🤖 AI Summary
This paper addresses a fundamental failure mode of the AIXI agent under the embedded intelligence paradigm: its structural collapse—manifesting as self-referential inconsistency, resource-agnosticism, and model self-destruction—arising from neglecting its own physical embedding and causal coupling with the environment.
Method: We provide the first axiomatic formalization of embedding failure in universal AI theory, grounded in Solomonoff’s prior and Bayesian decision theory. Using computability analysis and algorithmic information theory, we rigorously prove that such failure is inevitable under universal distribution assumptions. We further propose a novel distributional model over joint action-perception histories and construct a modified AIXI variant for theoretical validation.

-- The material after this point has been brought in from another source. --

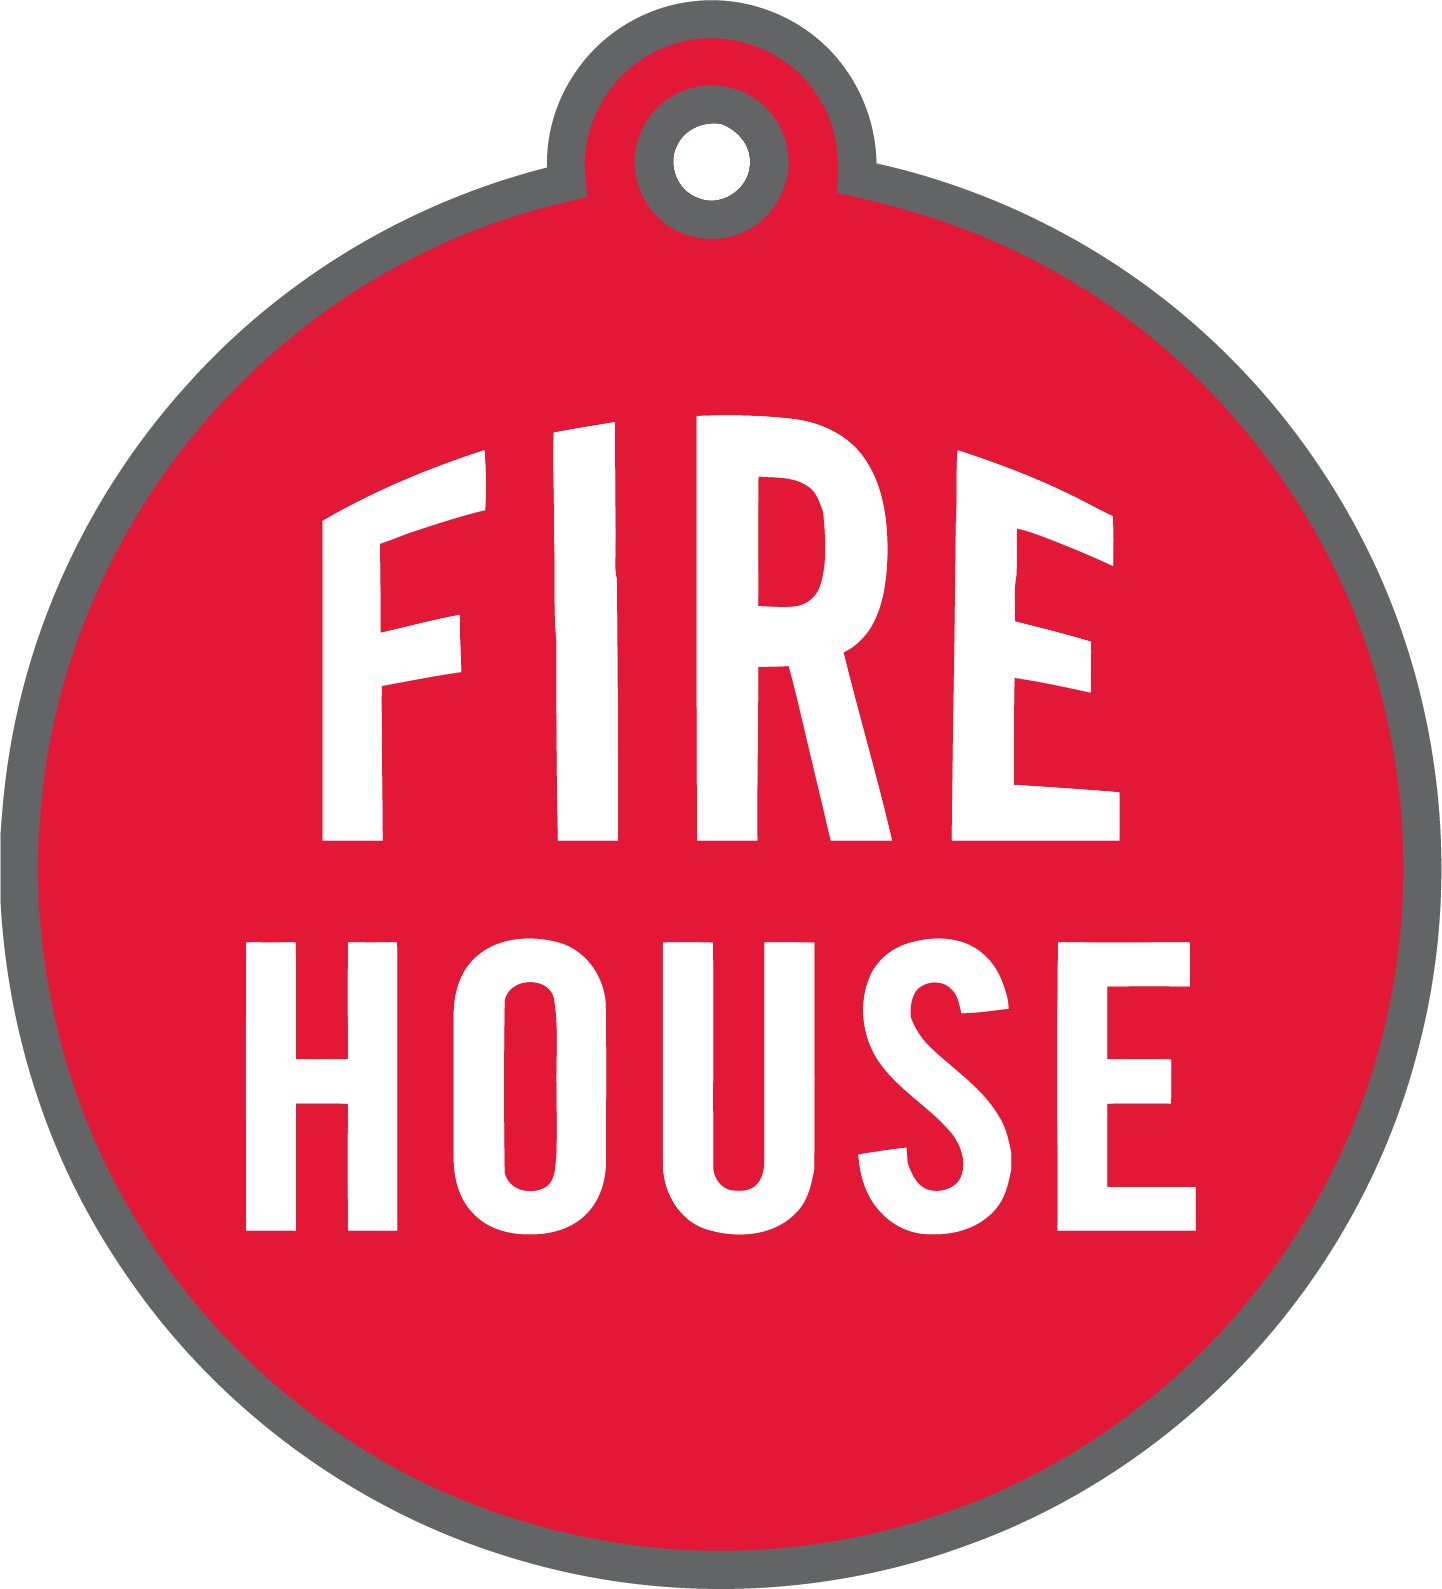 fire house written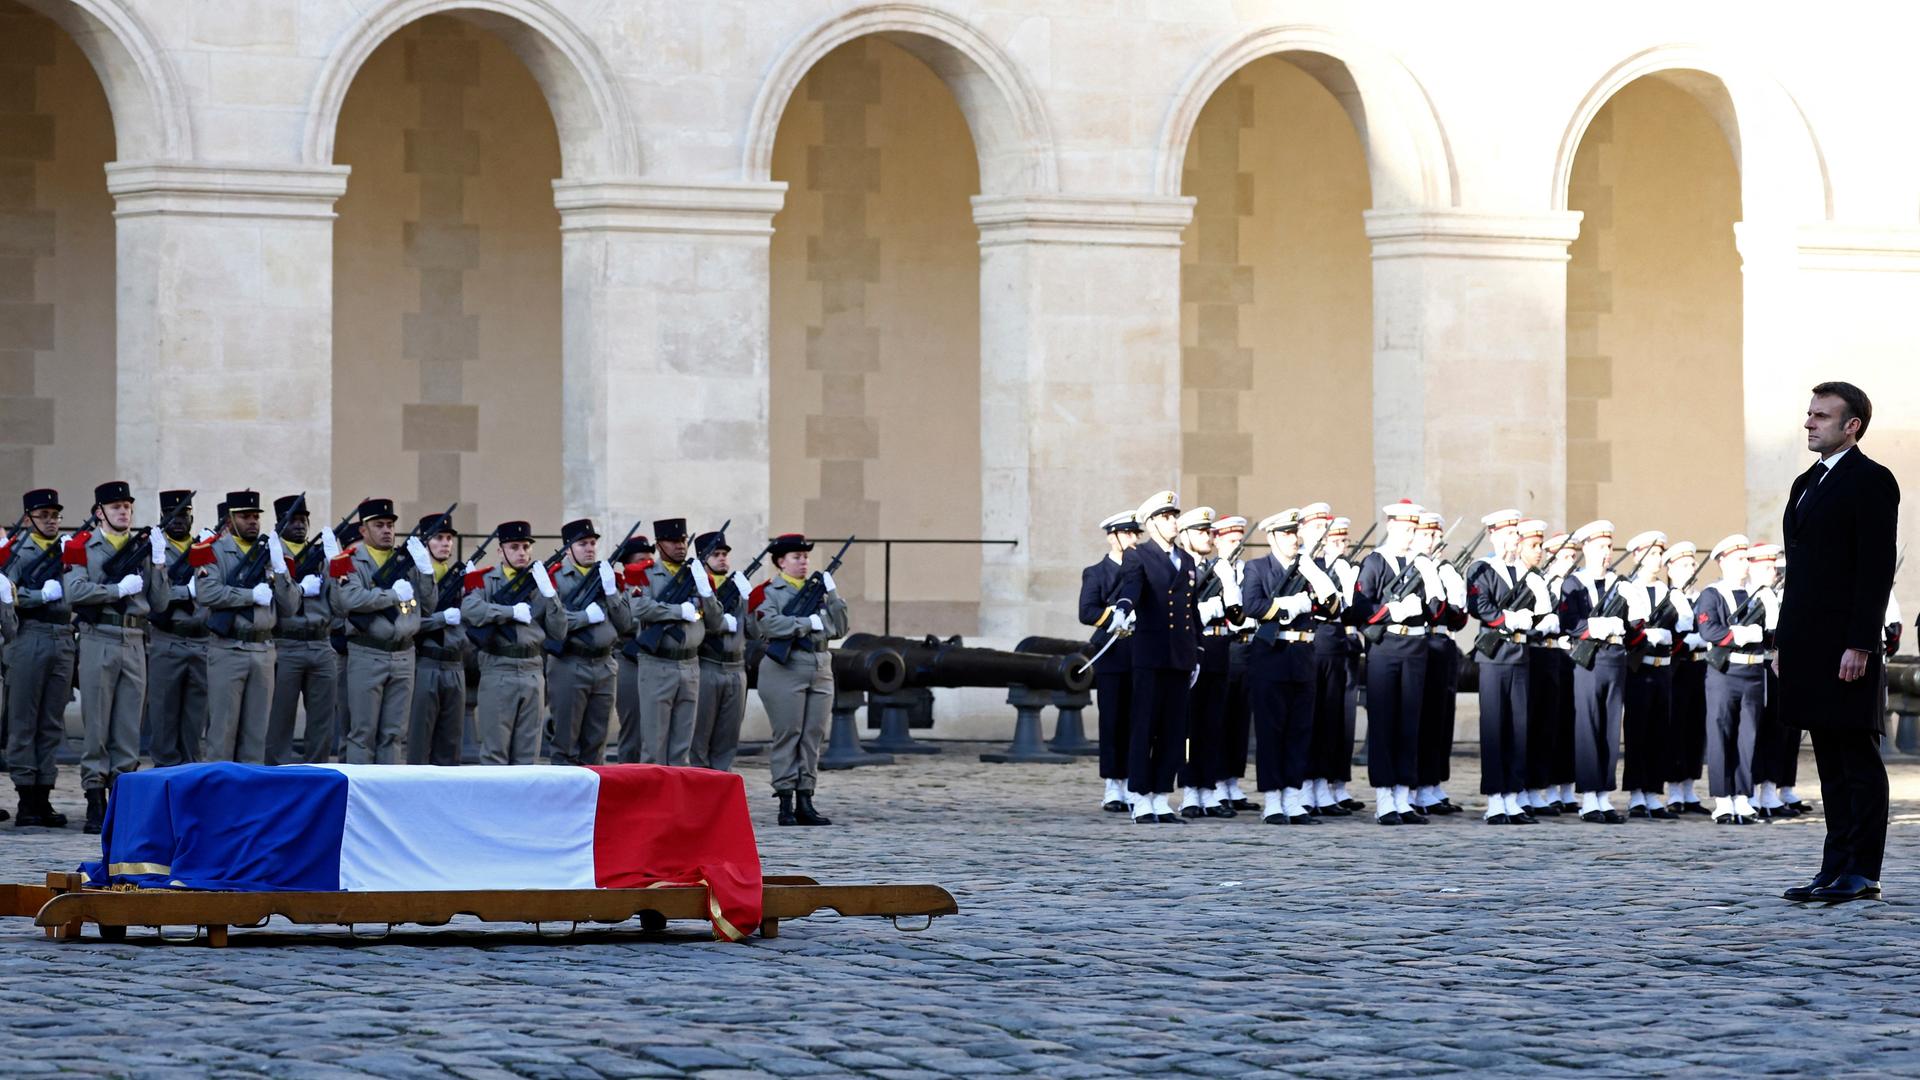 Macron steht vor dem mit einer Frankreich-Flagge bedeckten Sarg, der auf dem Boden steht. Dahinter Soldaten und ein Musikcorps in Reih und Glied.

Contribution/Results: Our work establishes the first falsifiable benchmark for embedded intelligence failure, delivering both a critical theoretical warning and a formal foundation for developing robust embedded AGI systems.
📝 Abstract
We rigorously discuss the commonly asserted failures of the AIXI reinforcement learning agent as a model of embedded agency. We attempt to formalize these failure modes and prove that they occur within the framework of universal artificial intelligence, focusing on a variant of AIXI that models the joint action/percept history as drawn from the universal distribution. We also evaluate the progress that has been made towards a successful theory of embedded agency based on variants of the AIXI agent.